New operating systems for mobile devices allow their users to download millions of applications created by various individual programmers, some of which may be malicious or flawed. In order to detect that an application is malicious, monitoring its operation in a real environment for a significant period of time is often required. Mobile devices have limited computation and power resources and thus are limited in their monitoring capabilities. In this paper we propose an efficient collaborative monitoring scheme that harnesses the collective resources of many mobile devices, “vaccinating” them against potentially unsafe applications. We suggest a new local information flooding algorithm called “TTL Probabilistic Propagation” (TPP). The algorithm periodically monitors one or more application and reports its conclusions to a small number of other mobile devices, who then propagate this information onwards. The algorithm is analyzed, and is shown to outperform existing state of the art information propagation algorithms, in terms of convergence time as well as network overhead. The maximal “load” of the algorithm (the fastest arrival rate of new suspicious applications, that can still guarantee complete monitoring), is analytically calculated and shown to be significantly superior compared to any non-collaborative approach. Finally, we show both analytically and experimentally using real world network data that implementing the proposed algorithm significantly reduces the number of infected mobile devices. In addition, we analytically prove that the algorithm is tolerant to several types of Byzantine attacks where some adversarial agents may generate false information, or abuse the algorithm in other ways.

💡 Research Summary

The paper addresses the growing security challenge posed by the massive number of third‑party applications that can be installed on modern mobile devices. Because many malicious or buggy apps reveal their harmful behavior only after prolonged execution, real‑world dynamic monitoring is essential. However, individual mobile devices have limited CPU, memory, and battery capacity, making continuous monitoring infeasible on a single device. To overcome this limitation, the authors propose a collaborative monitoring framework that leverages the collective resources of many smartphones.

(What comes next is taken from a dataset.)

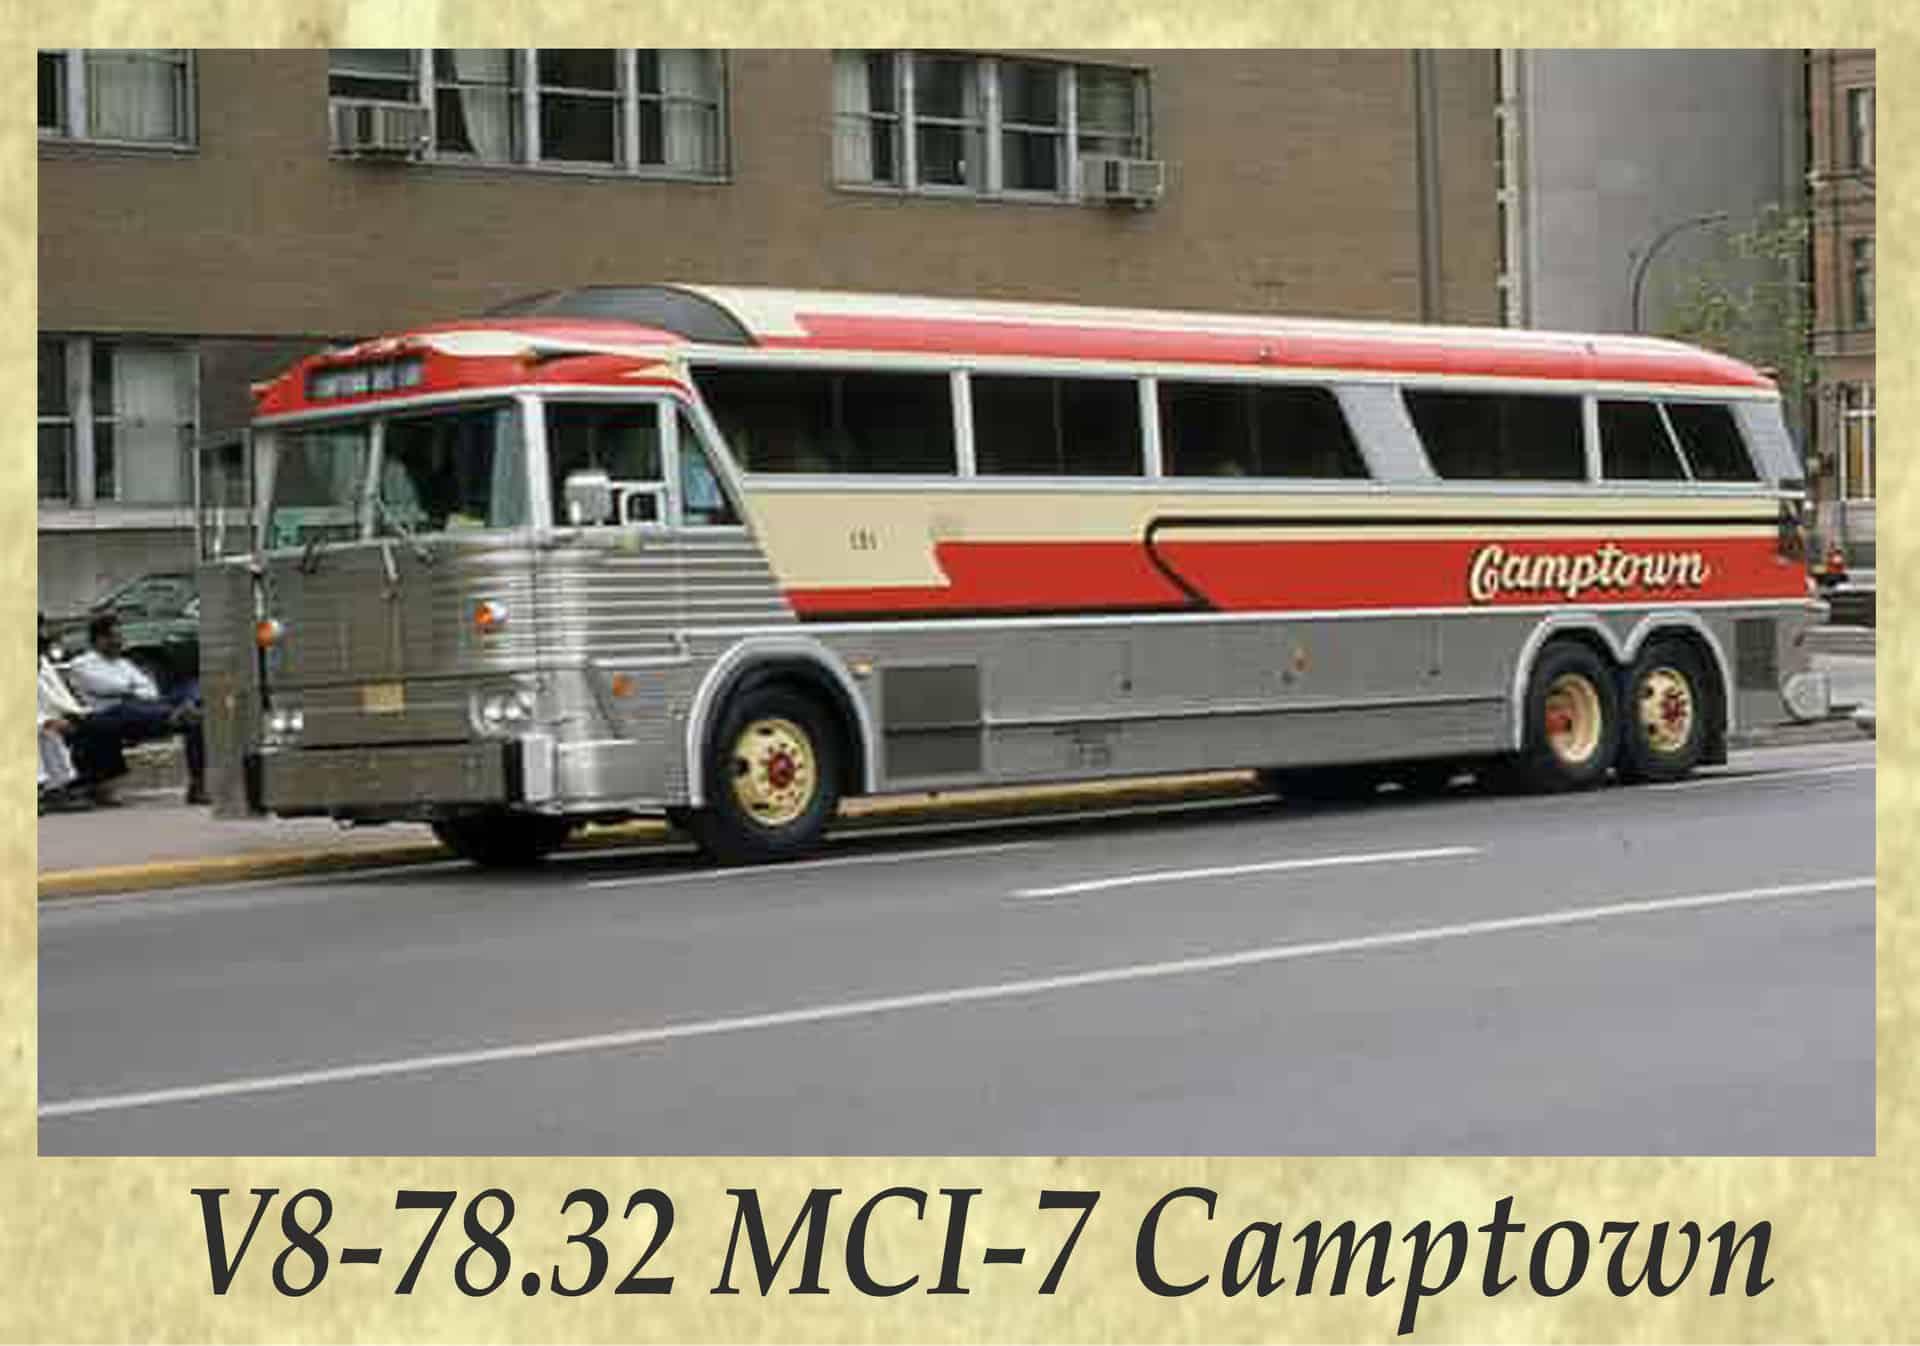 V8-78.32 MCI-7 Camptown

The core contribution is a novel information‑propagation algorithm called TTL Probabilistic Propagation (TPP). Each monitoring report is encapsulated in a message that carries a Time‑to‑Live (TTL) counter and a forwarding probability p. When a device receives a report, it decrements the TTL; if the TTL reaches zero the message is discarded, preventing endless flooding. Otherwise the device forwards the message to each of its neighbors with probability p. By adjusting TTL and p, TPP controls the trade‑off between rapid dissemination and network overhead.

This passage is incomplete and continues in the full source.